• Data for review:
━━━━

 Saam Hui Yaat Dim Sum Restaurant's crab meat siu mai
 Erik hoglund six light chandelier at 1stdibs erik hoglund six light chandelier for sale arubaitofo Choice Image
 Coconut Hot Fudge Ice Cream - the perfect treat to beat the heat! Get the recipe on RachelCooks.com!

━━━━

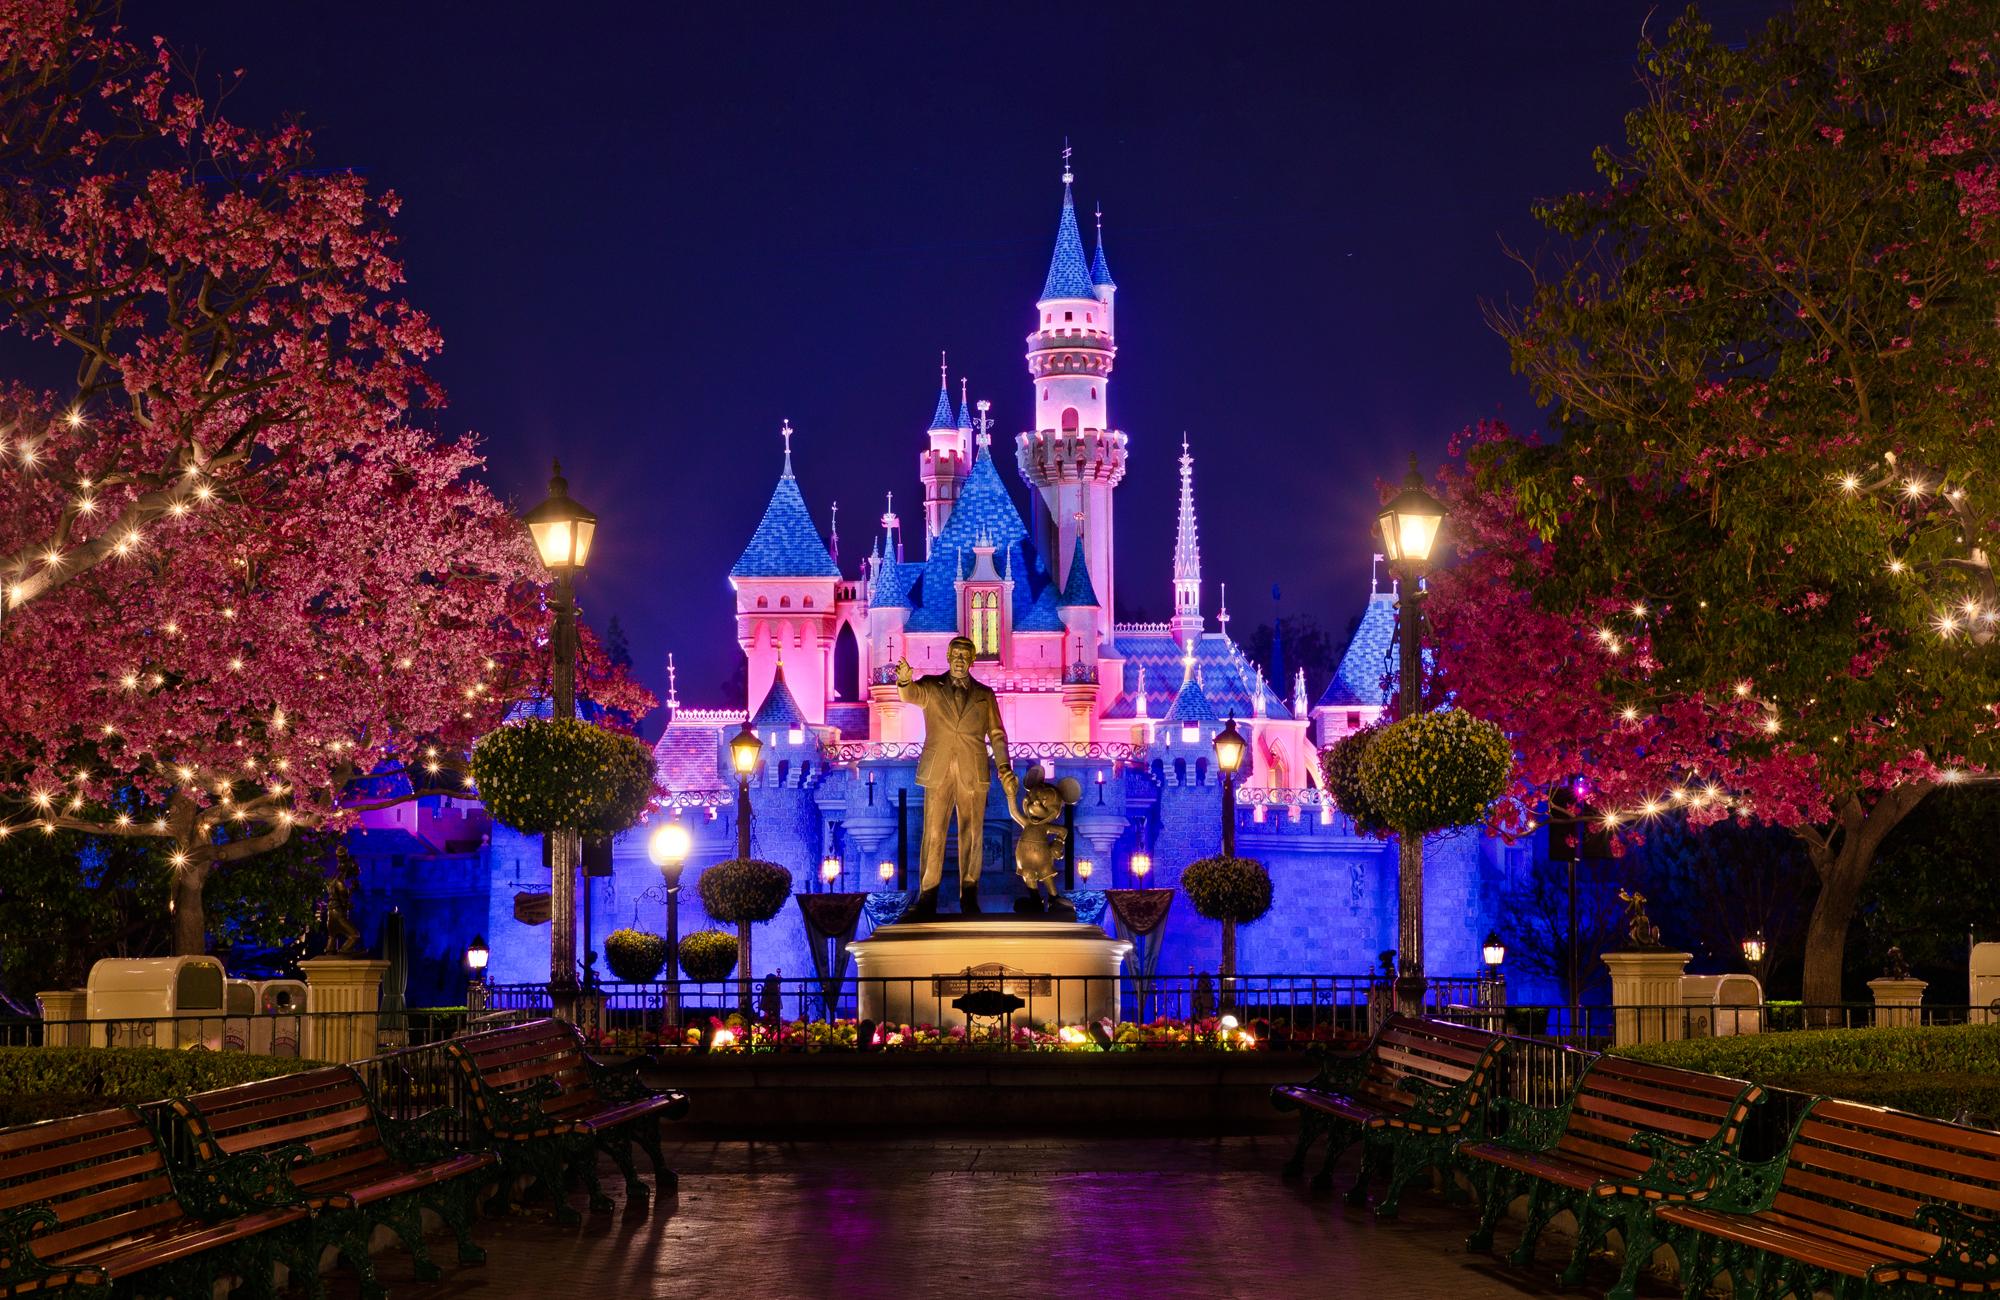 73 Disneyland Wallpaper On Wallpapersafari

━━━━

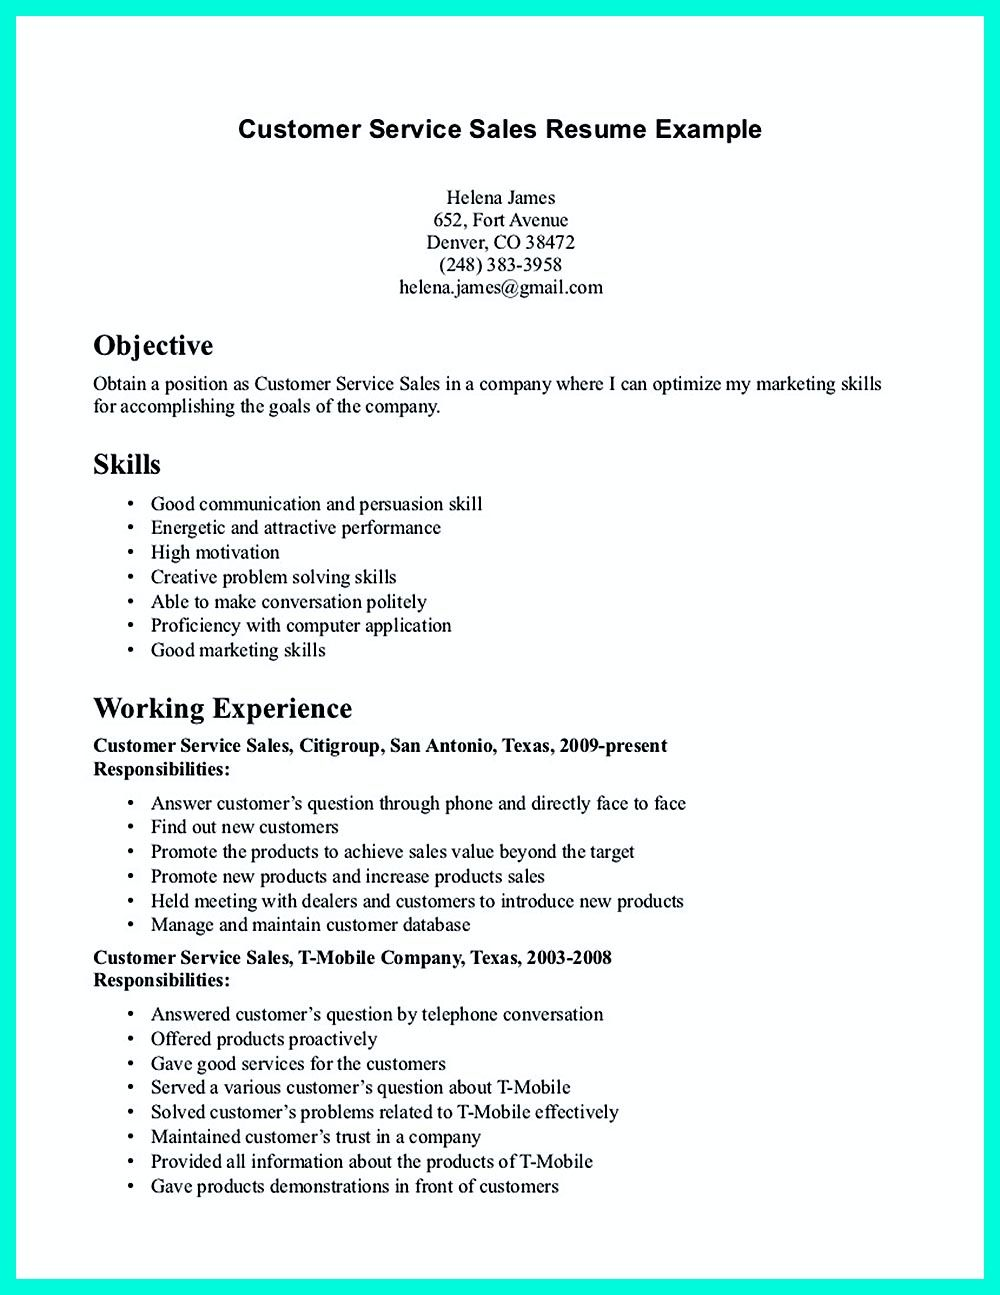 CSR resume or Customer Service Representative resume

━━━━

• What to work on: Above are records; repeat only the lines starting at the line with "Saam Hui Yaat" and ending at the line with "Coconut Hot Fudge", exactly as they appear, both included.

• Written response:
 Saam Hui Yaat Dim Sum Restaurant's crab meat siu mai
 Erik hoglund six light chandelier at 1stdibs erik hoglund six light chandelier for sale arubaitofo Choice Image
 Coconut Hot Fudge Ice Cream - the perfect treat to beat the heat! Get the recipe on RachelCooks.com!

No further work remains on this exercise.